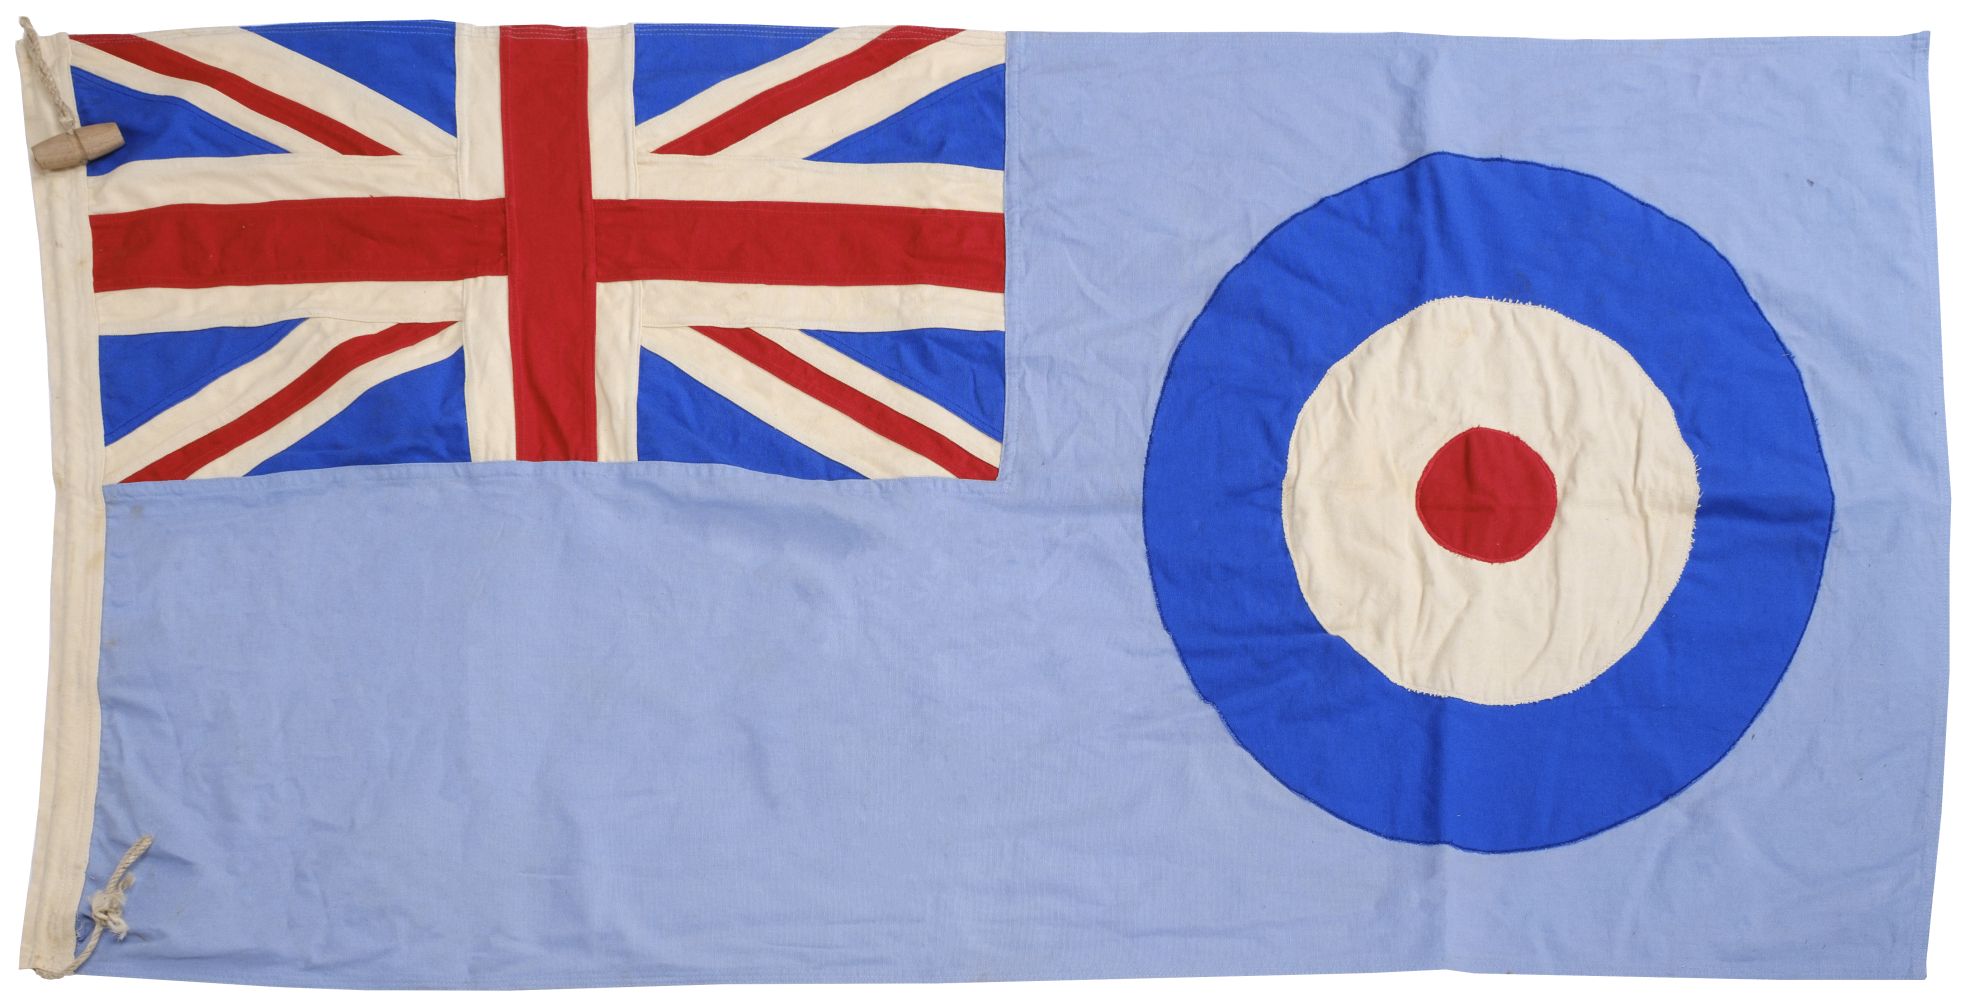 Ensign. WWII Royal Air Force Station ensign-flag, dated 1941
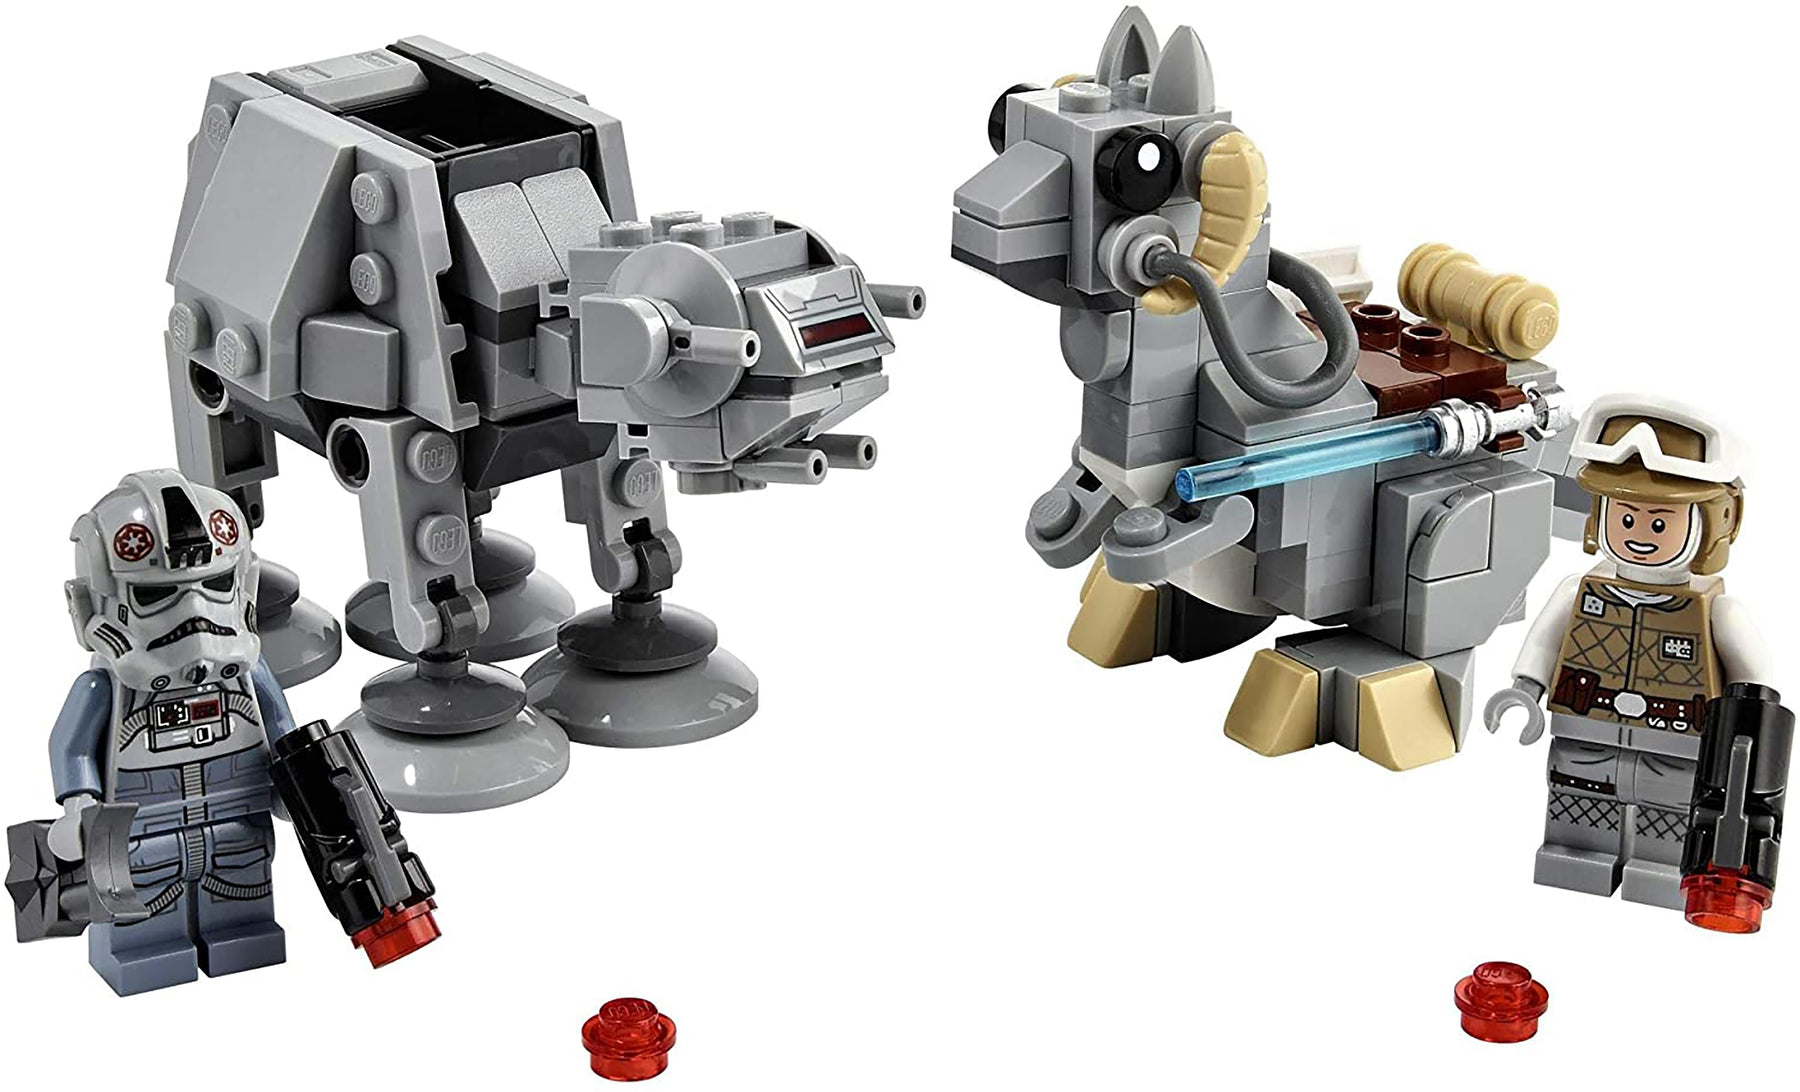 LEGO Star Wars 75298 AT-AT vs. Tauntaun Microfighters 205 Piece Building Kit
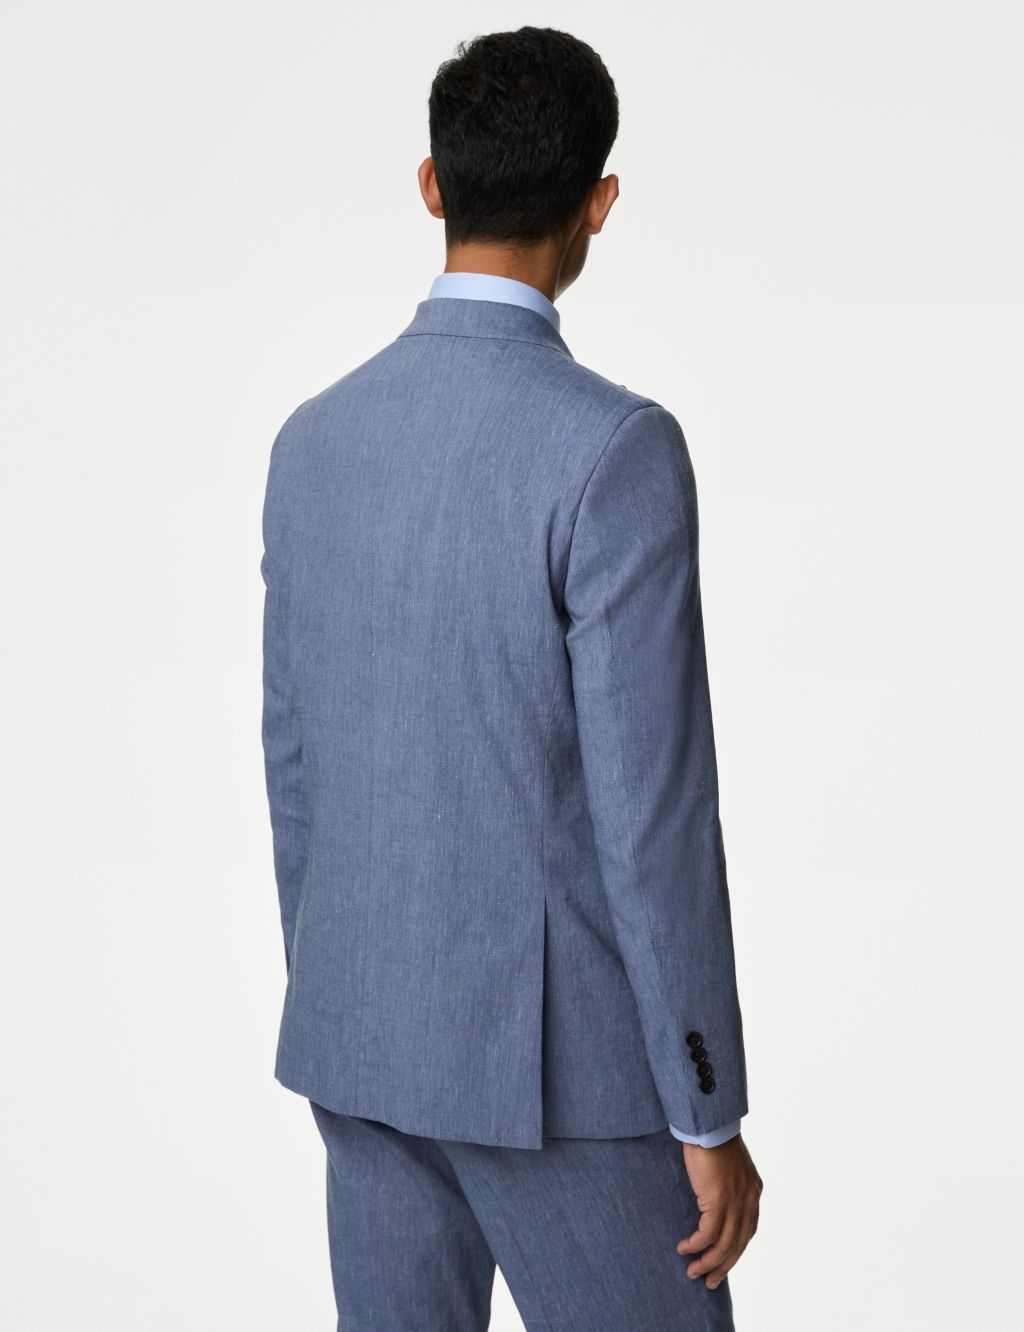 Tailored Fit Italian Linen Miracle™ Suit Jacket image 5

□ □ □ □ □

> What to do
Your answer should contain all the material above, written out exactly, and none of the pictures.

> Exercise output
 Ensign. WWII Royal Air Force Station ensign-flag, dated 1941
 LEGO Star Wars 75298 AT-AT vs. Tauntaun Microfighters 205 Piece Building Kit
 Tailored Fit Italian Linen Miracle™ Suit Jacket image 5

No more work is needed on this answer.